Top of Entries provided

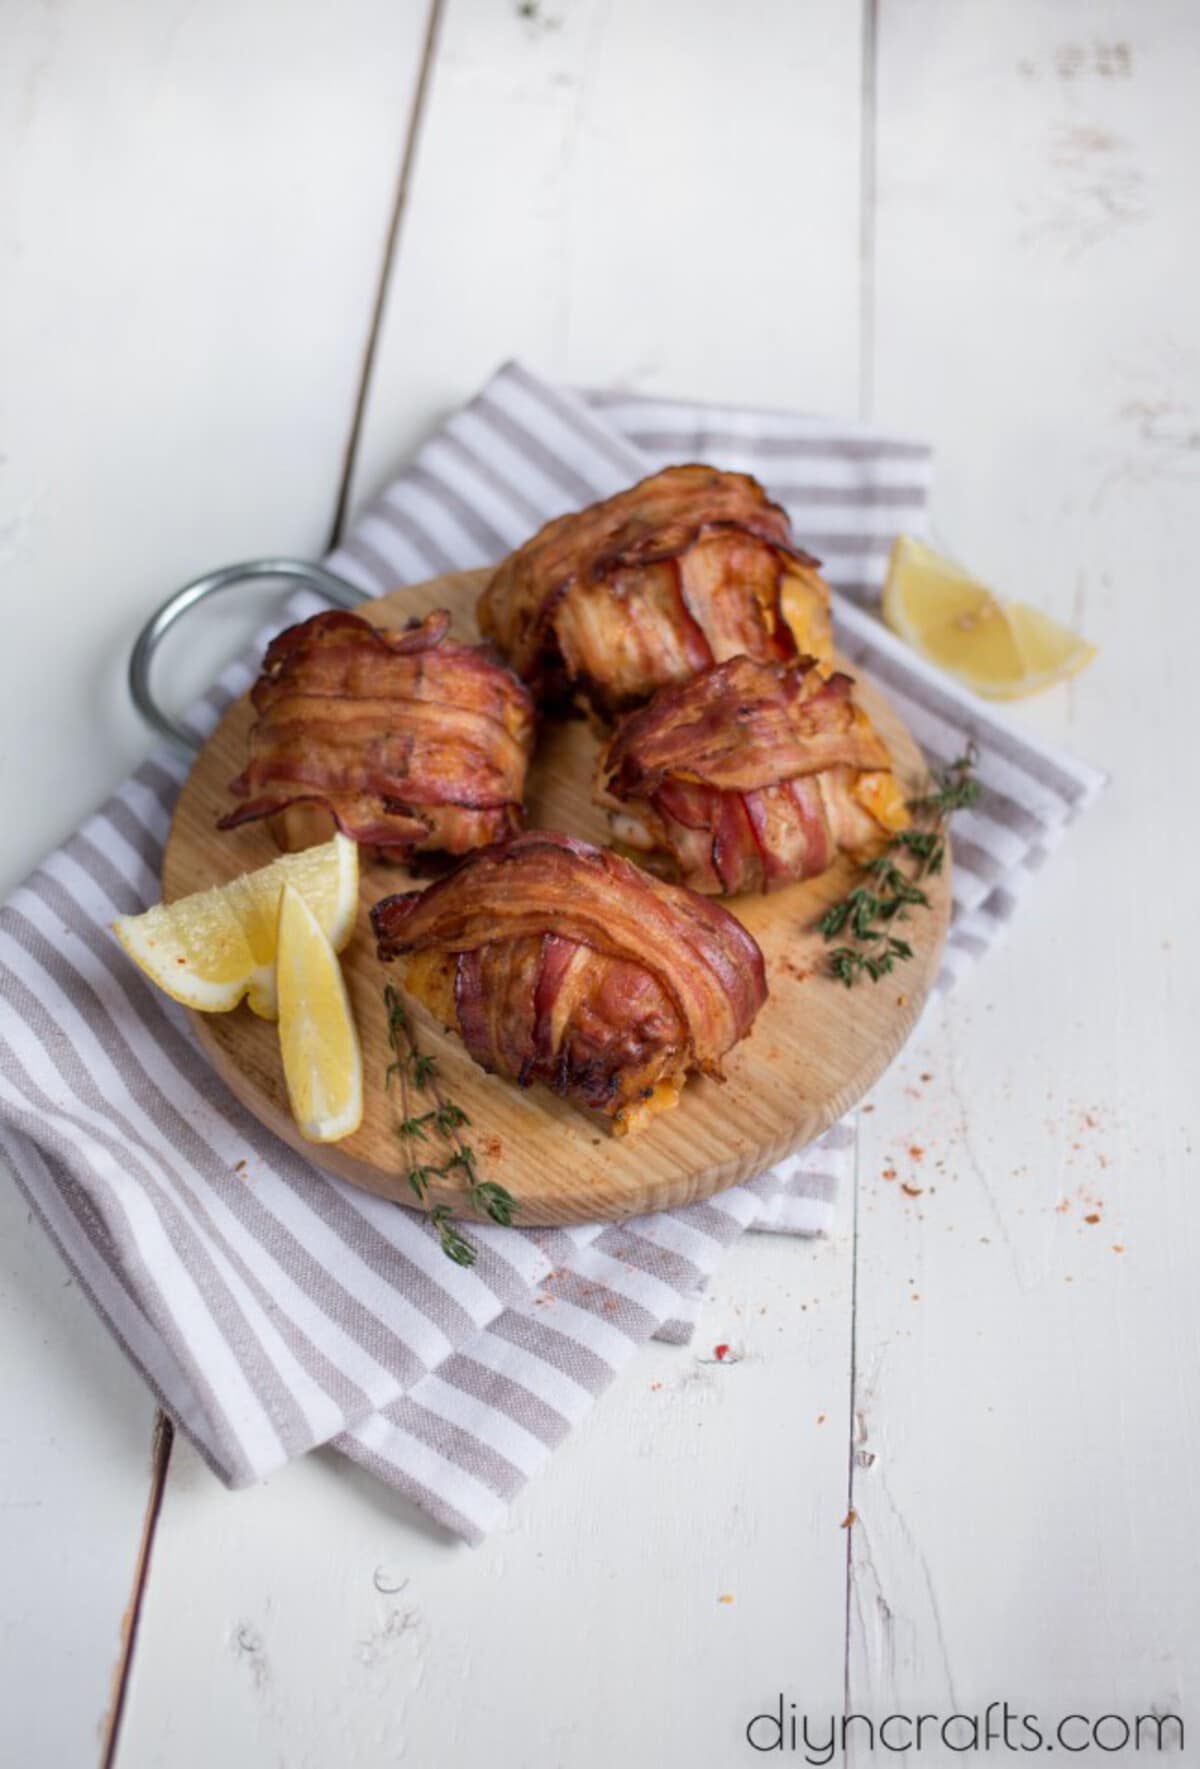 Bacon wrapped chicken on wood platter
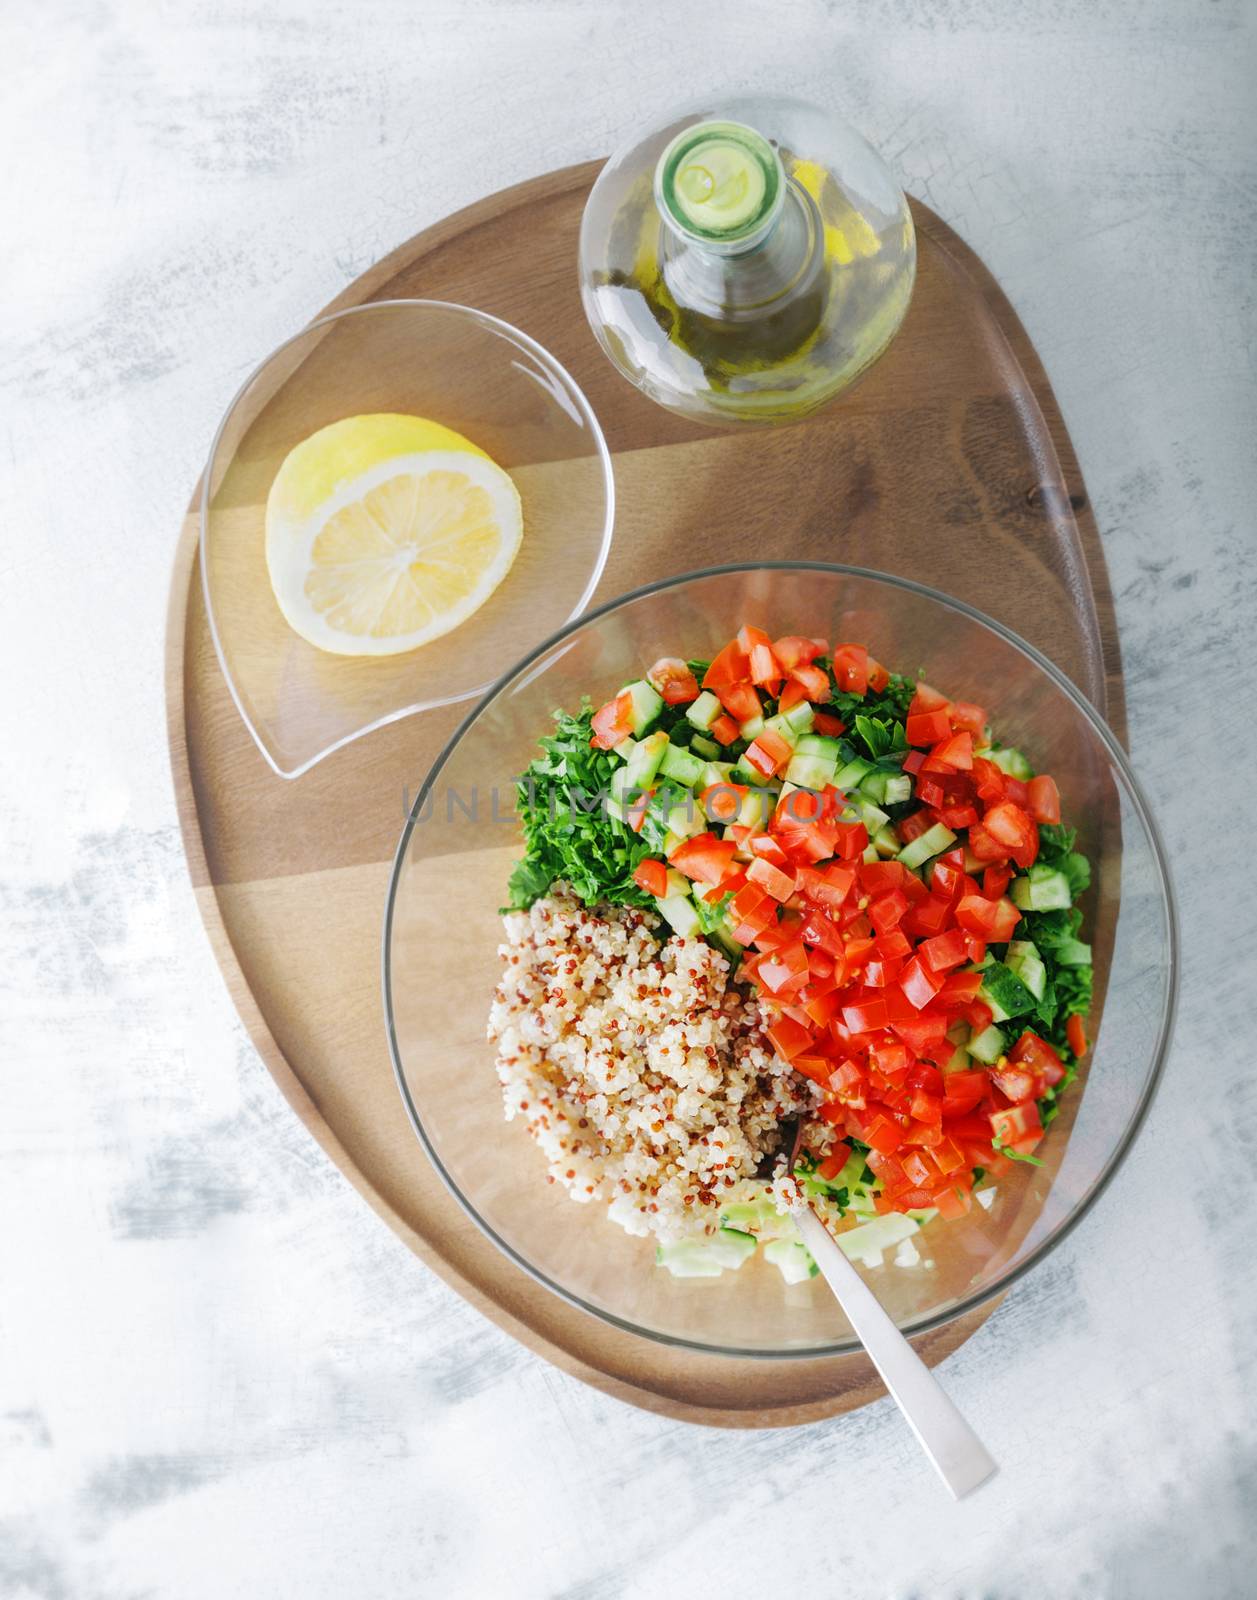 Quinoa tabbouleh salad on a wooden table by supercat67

Bottom of Entries provided
Top of Entries provided

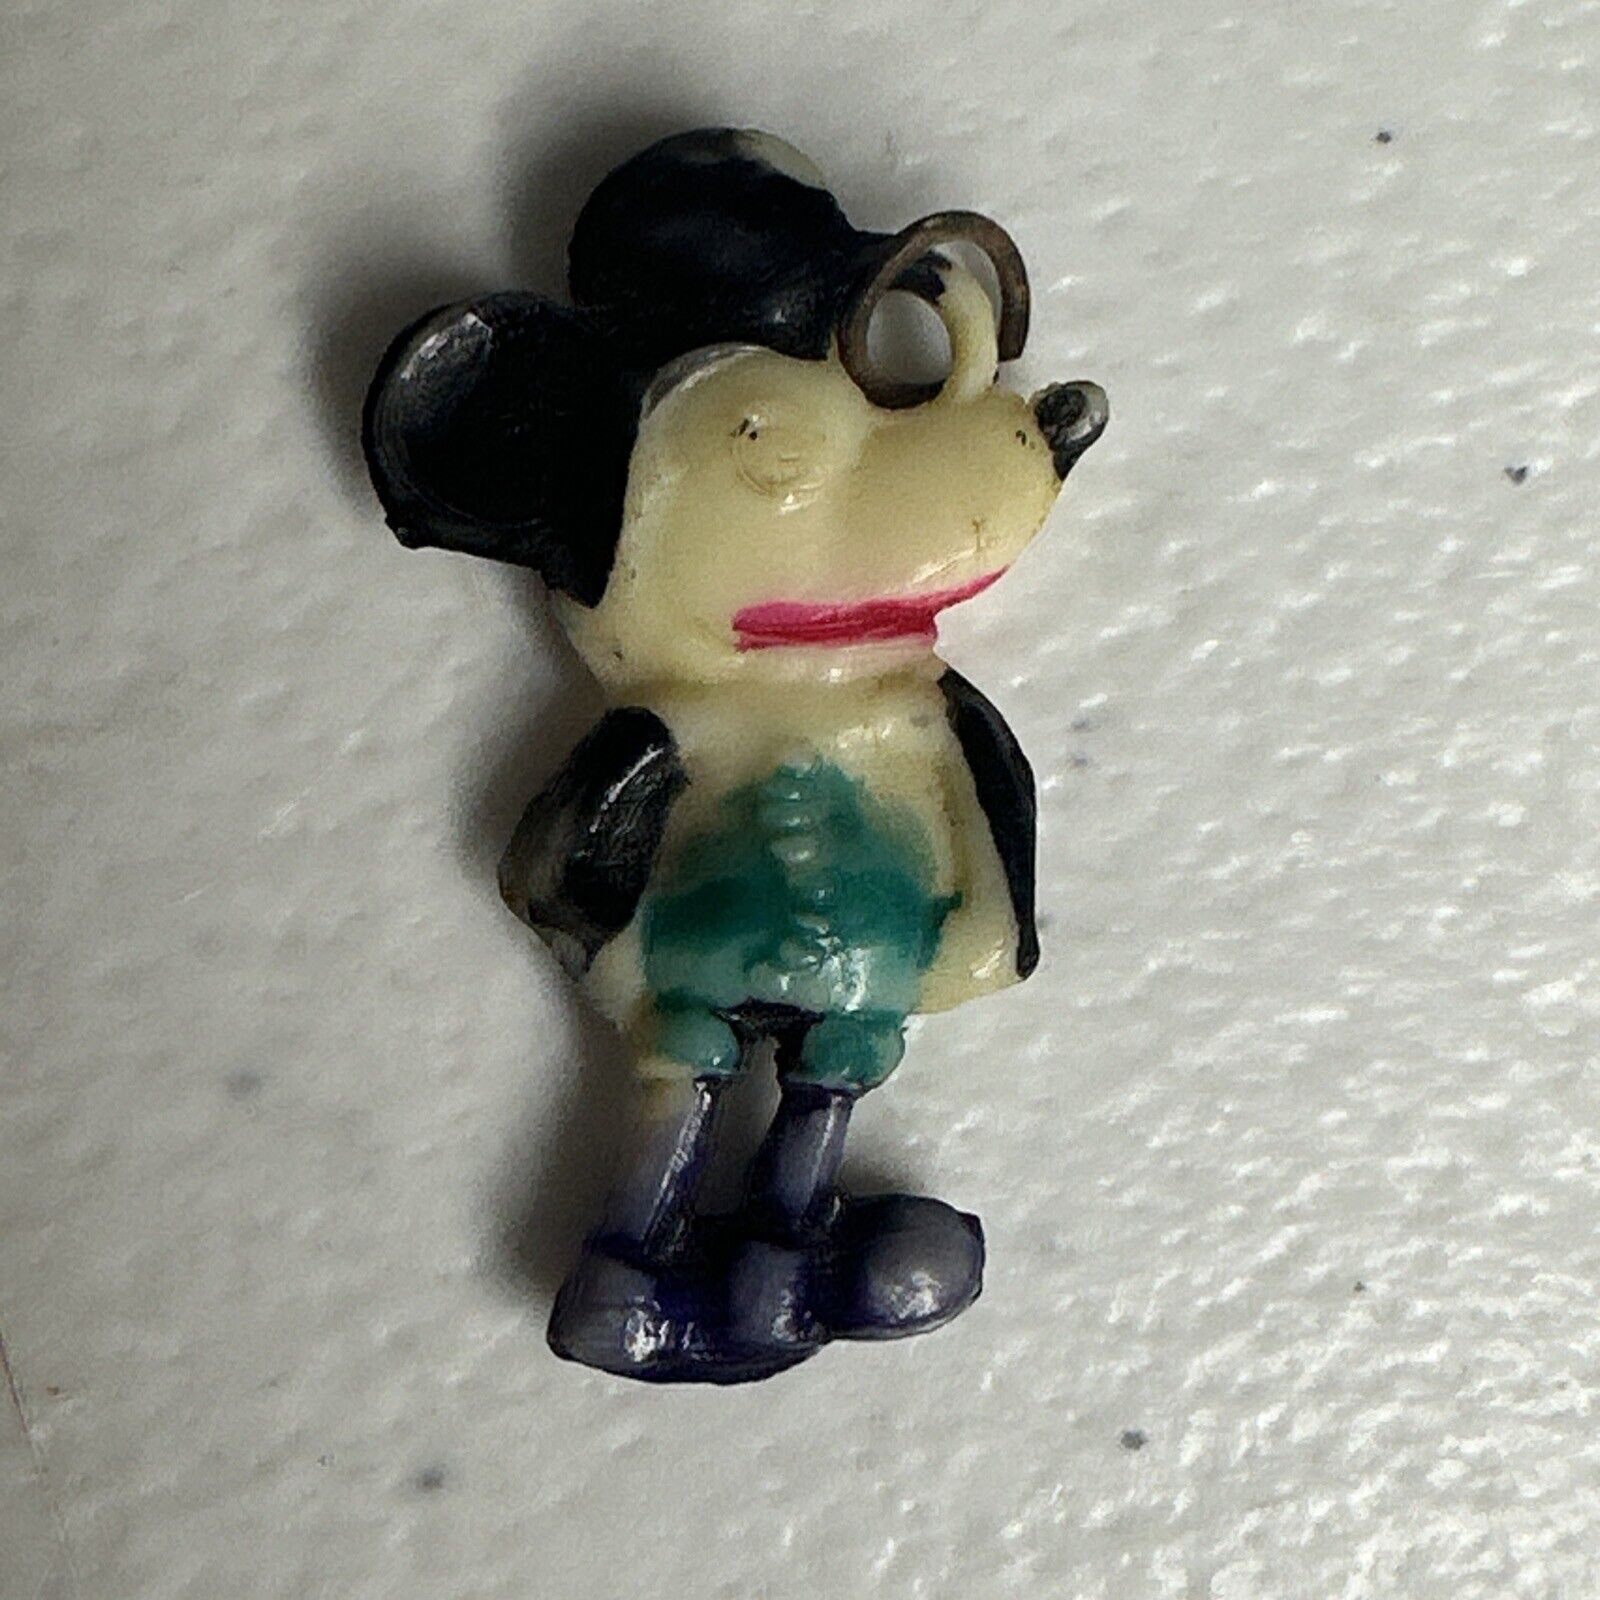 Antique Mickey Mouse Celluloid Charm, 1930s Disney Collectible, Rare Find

Bottom of Entries provided

_Goal of the exercise_
Output exactly the stretch of the listing that begins at the line containing "Bacon wrapped chicken on wood platter" and ends at the line containing "Quinoa tabbouleh salad", both kept. Omit pictures and everything else.

_Output for this task_
 Bacon wrapped chicken on wood platter
 Quinoa tabbouleh salad on a wooden table by supercat67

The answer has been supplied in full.